The results improved somewhat but were still not the final desired outcome. At this point, we wondered if we could utilize the definition of statistics to fit the distribution of our samples. We attempted to use the fit method in Python to fit the pixel coordinates and corresponding grayscale values of our images. We used several samples for fitting, and the vast majority of the samples conformed to a log-normal distribution. Therefore, we attempted to use a log-normal distribution for threshold segmentation. However, calculating the upper threshold of the log-normal distribution easily leads to infinite values, making it impossible to capture bright spots.

distributions = [
stats.norm,
stats.gamma,
stats.lognorm,
stats.beta,
stats.weibull_min
]

best_distribution = None
best_params = None
best_sse = np.inf

for distribution in distributions:
try:
with warnings.catch_warnings():
warnings.simplefilter("ignore")
params = distribution.fit(pixel_values)
arg = params[:-2]
loc = params[-2]
scale = params[-1]

if scale == 0:
continue

x = np.linspace(np.min(pixel_values), np.max(pixel_values), 100)
pdf = distribution.pdf(x, *arg, loc=loc, scale=scale)

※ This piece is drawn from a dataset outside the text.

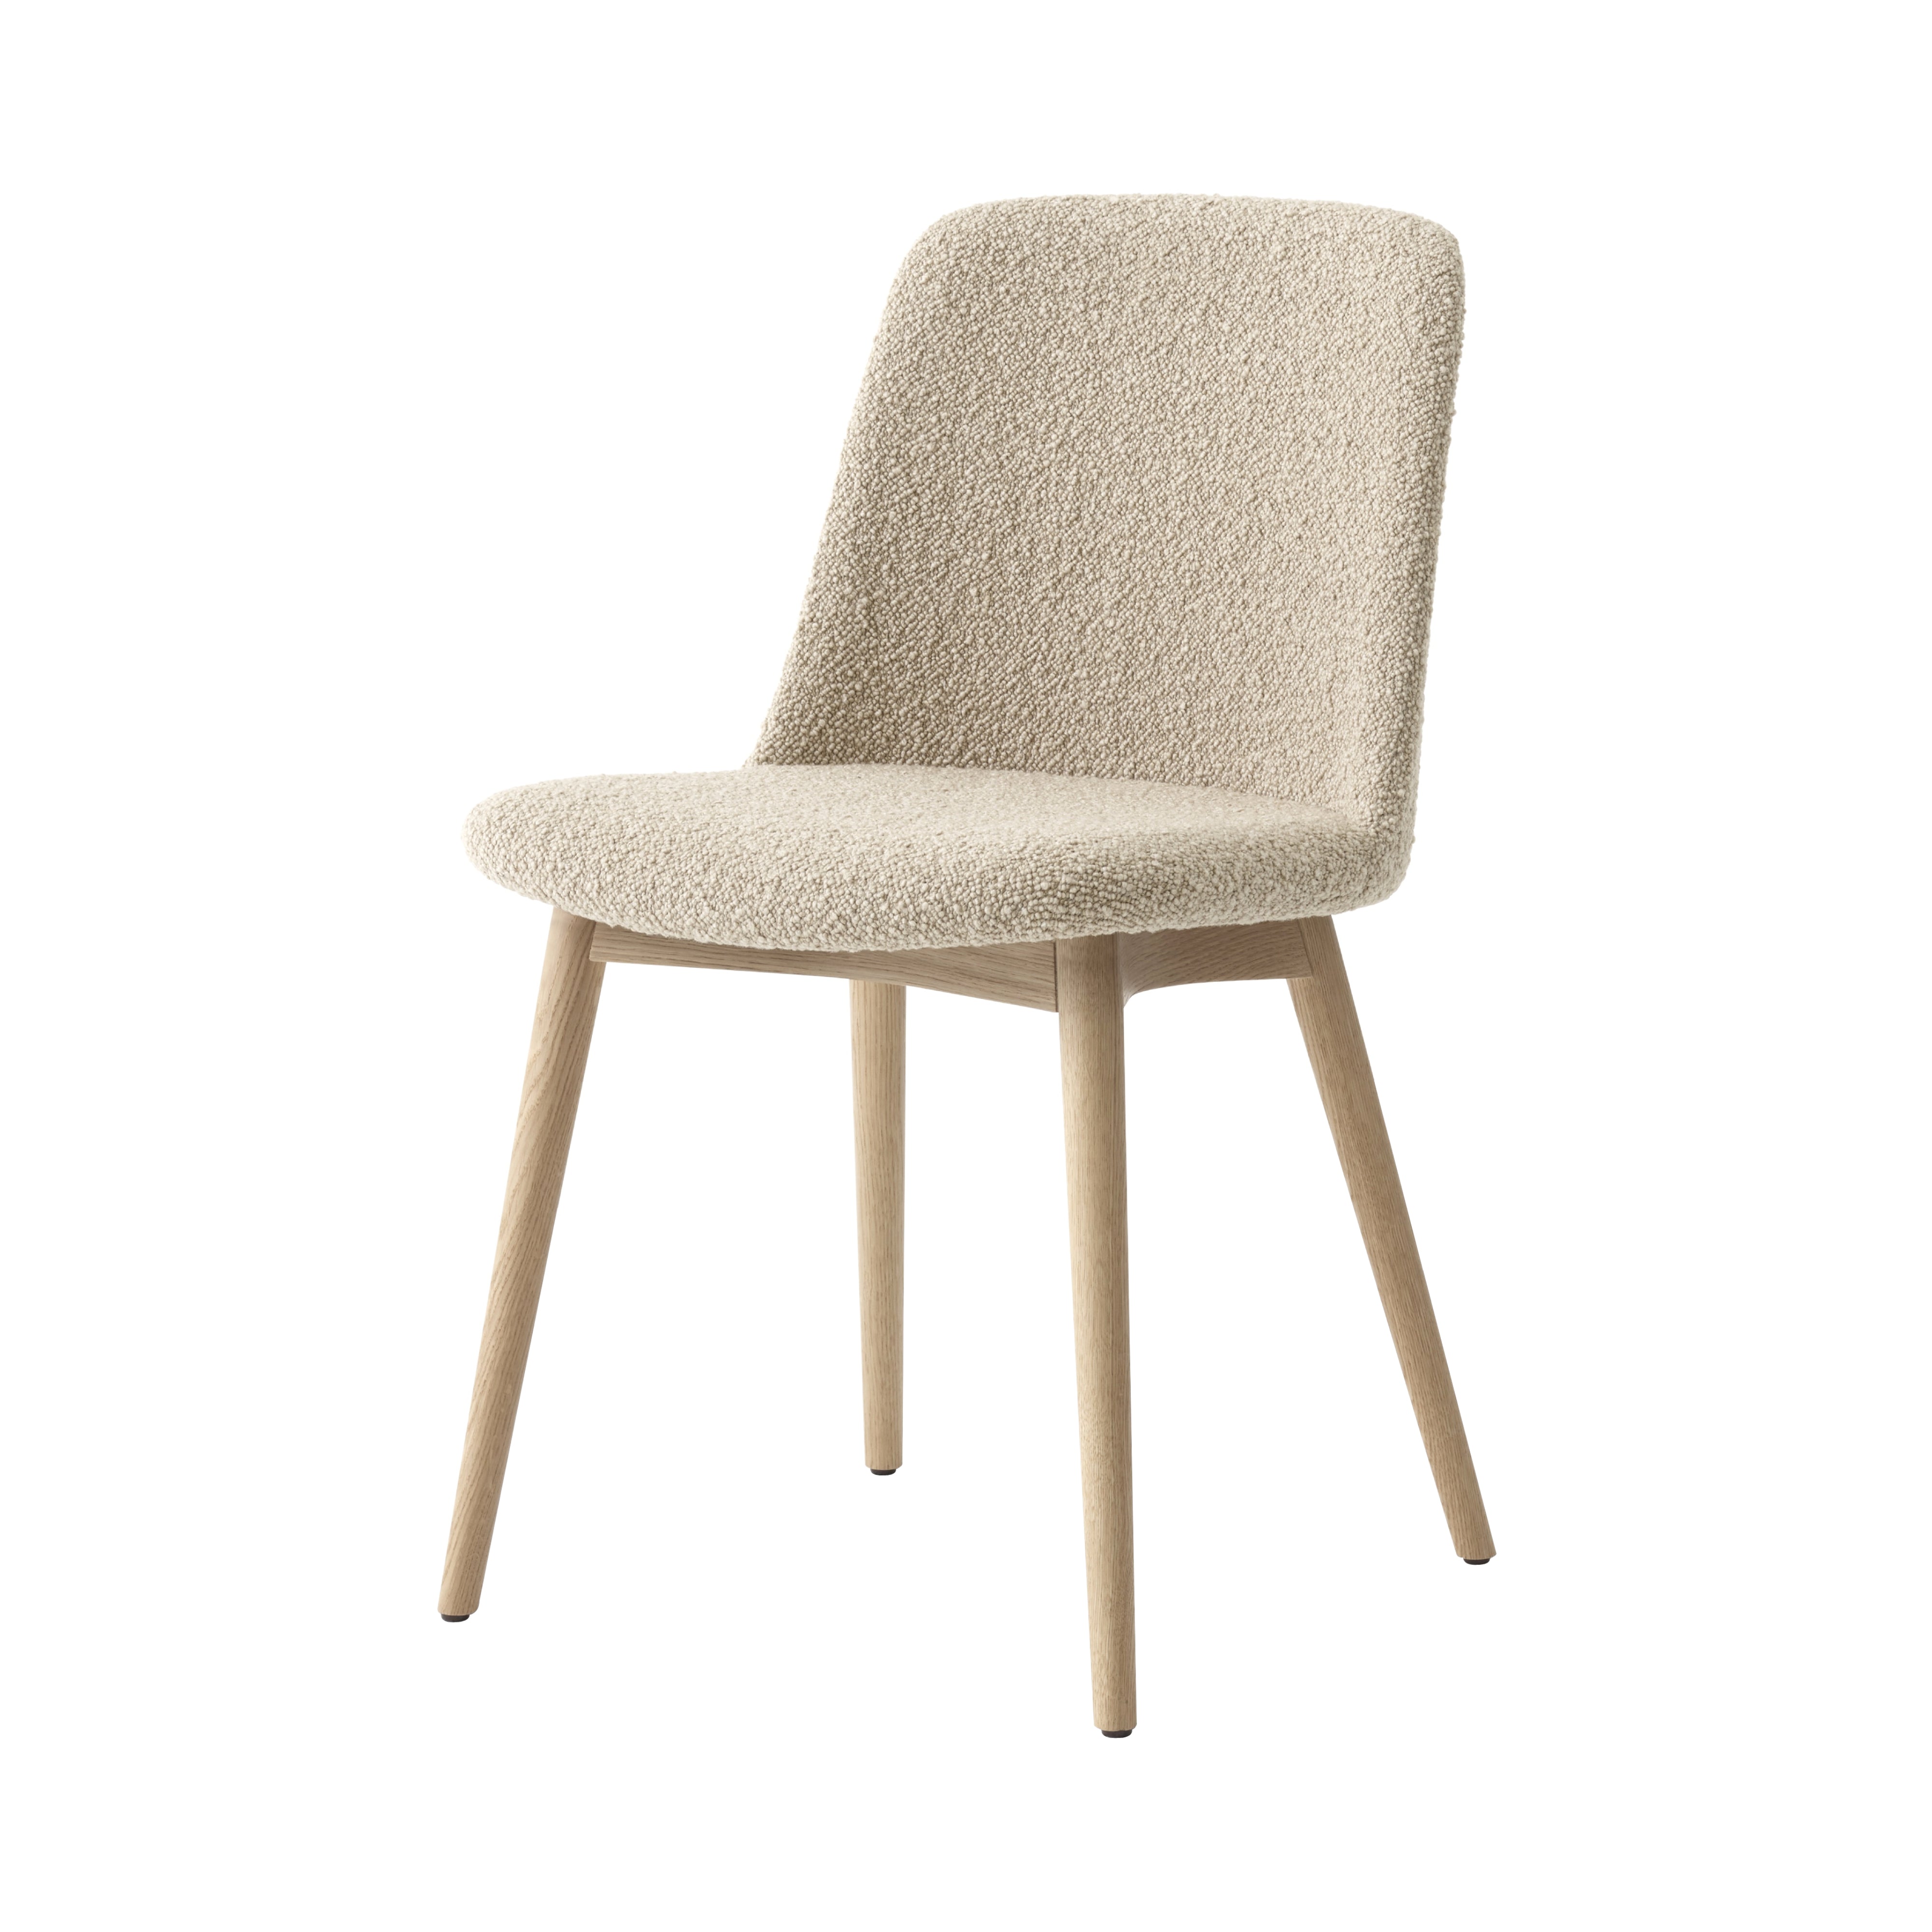 Rely Chair HW73: Oak
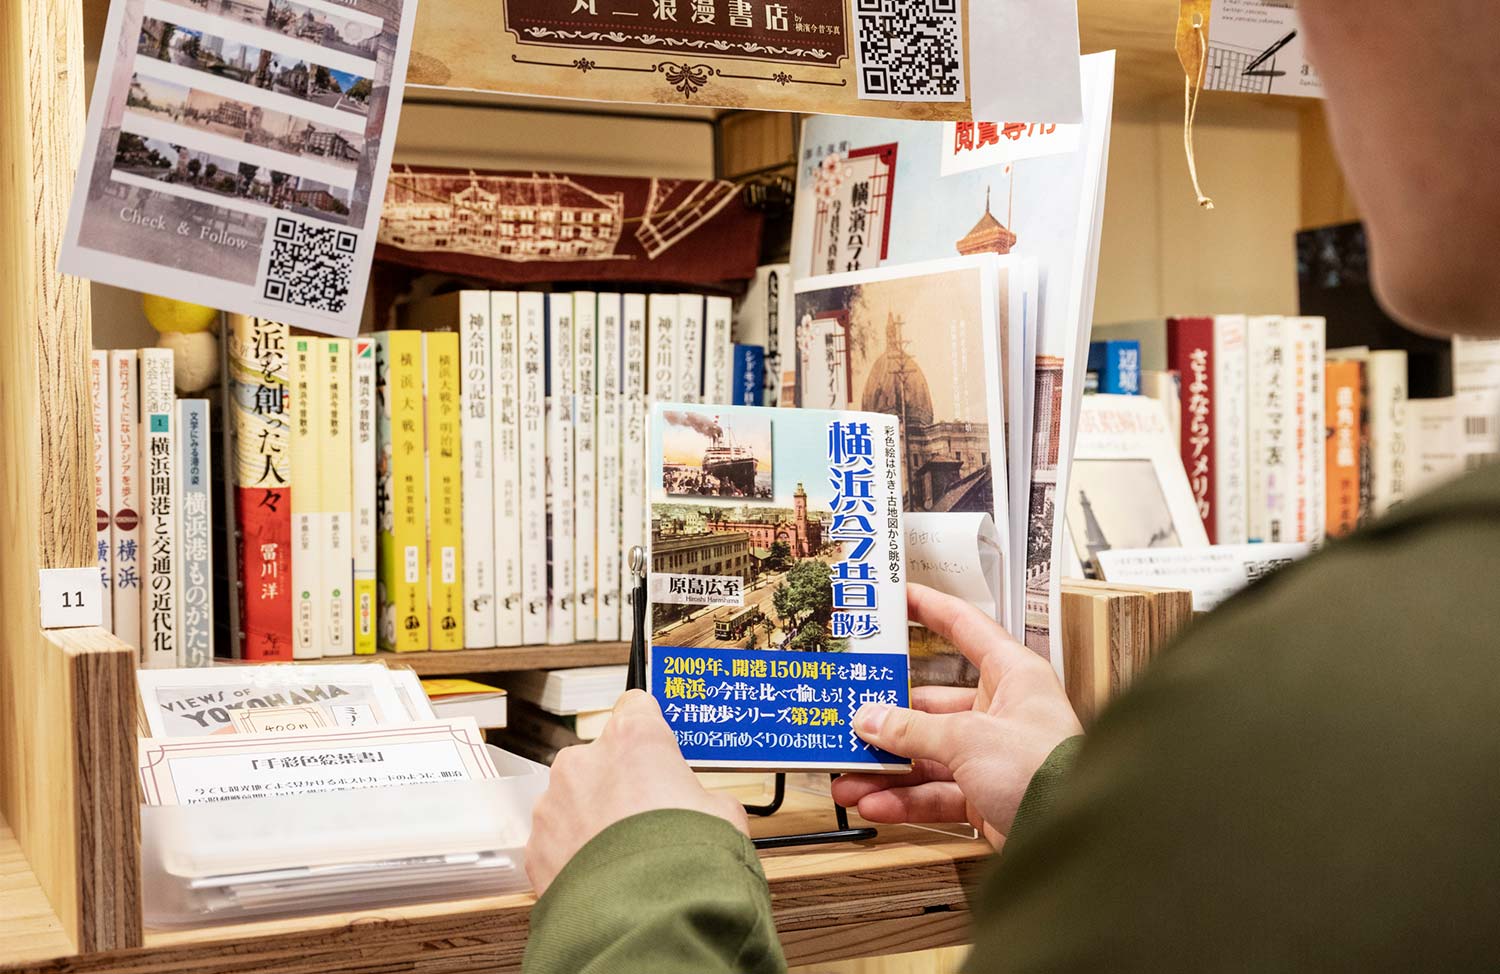 丸二浪漫書店と命名された島田さんの棚。テーマは「横浜の今昔を伝える」。

hist, bin_edges = np.histogram(pixel_values, bins=100, density=True)

sse = np.sum((hist - pdf)**2)

if sse < best_sse:
best_distribution = distribution
best_params = params
best_sse = sse
except Exception as e:
print(f"Error fitting {distribution.name}: {str(e)}")
continue

if best_distribution:
print(f"Best fitting distribution: {best_distribution.name}")
else:
print("No distribution could be fitted successfully.")

We consulted relevant materials and found that the log-normal distribution is very similar to the normal distribution, with the distribution shape being quite alike. The main difference is that its probability distribution is shifted to the right. Thus, we tried using the confidence interval of the normal distribution to calculate the bright spots, and the results were very good. Especially, setting the confidence interval at 99.994% showed excellent universality for uniformly illuminated images. We set 99.994% as the default confidence interval for processing images.

However, this confidence interval only applies to uniformly illuminated images, is very sensitive to noise, and imposes very high requirements on the precision of the experiments. We need a reasonable confidence interval that should be independently applicable to each experimental design.